To maximise adherence to protocol within the HC group, personalised text message reminders were sent to prompt each saliva sample collection (for details, see Oskis et al. Citation2009). For the AN group, the timing of all samples was monitored by the members of the clinical team, as were the other behavioural requirements.
Salivary assays
Samples were thawed and centrifuged at 1500 g (3000 rpm) for 15 min. Cortisol concentration was determined by the expanded range high sensitivity enzyme linked immunosorbent assay from Salimetrics Europe Ltd., Suffolk, UK (USA). Similarly, the Salimetrics Salivary DHEA Enzyme Immunoassay was used to measure DHEA concentrations. Given that freeze–thaw cycles for DHEA are recommended to be kept to a minimum (Schwartz et al. Citation2005), the DHEA assay was carried out first.
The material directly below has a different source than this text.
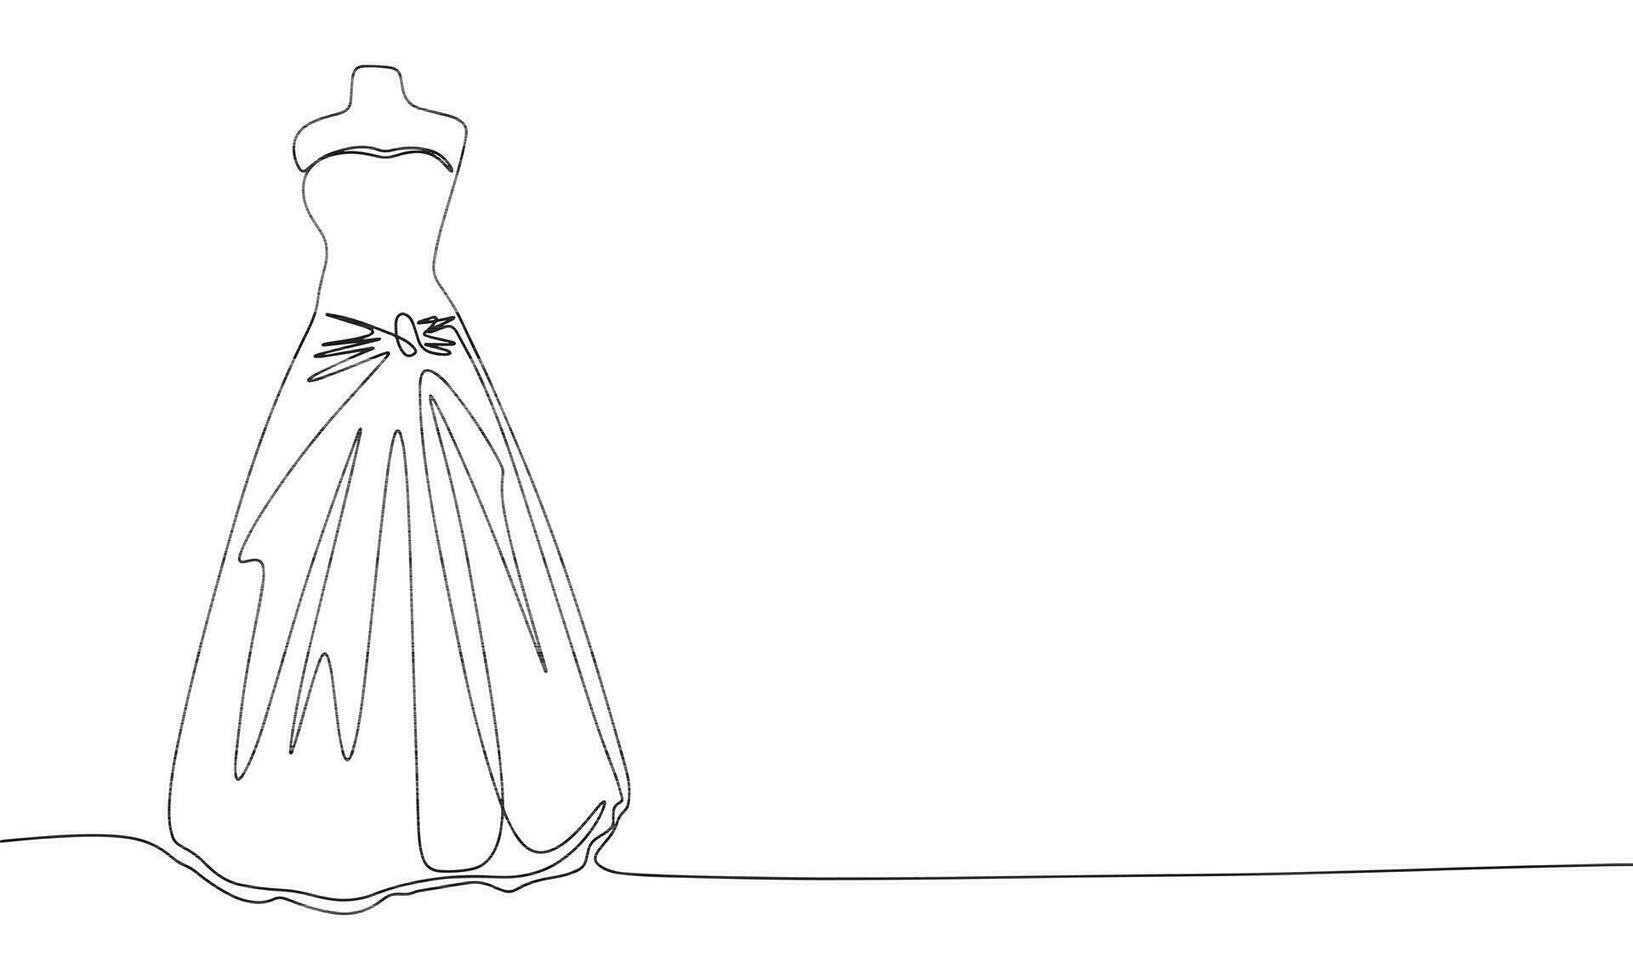 One line fashion dress. Line art dress on clothing mannequin. One line continuous fashion banner. Outline vector illustration.

The standard range for the cortisol assay was 0.0828–82.80 nmol/l, and the correlation of this assay with serum cortisol (n = 49) was r = 0.91, p < 0.0001. For the DHEA assay, the standard range was 0.03–3.47 nmol/l and the correlation of the assay with serum DHEA (n = 39) was r = 0.857, p < 0.0001. For both cortisol and DHEA, intra- and inter-assay variations were below 5% and 10%, respectively.
Statistical analysis
Cortisol and DHEA concentrations were moderately positively skewed for both groups. A square-root transformation was used to reduce skewness. Mean concentrations represented in figures are original values. Levene's test indicated equality of variance between the groups for each sampling point.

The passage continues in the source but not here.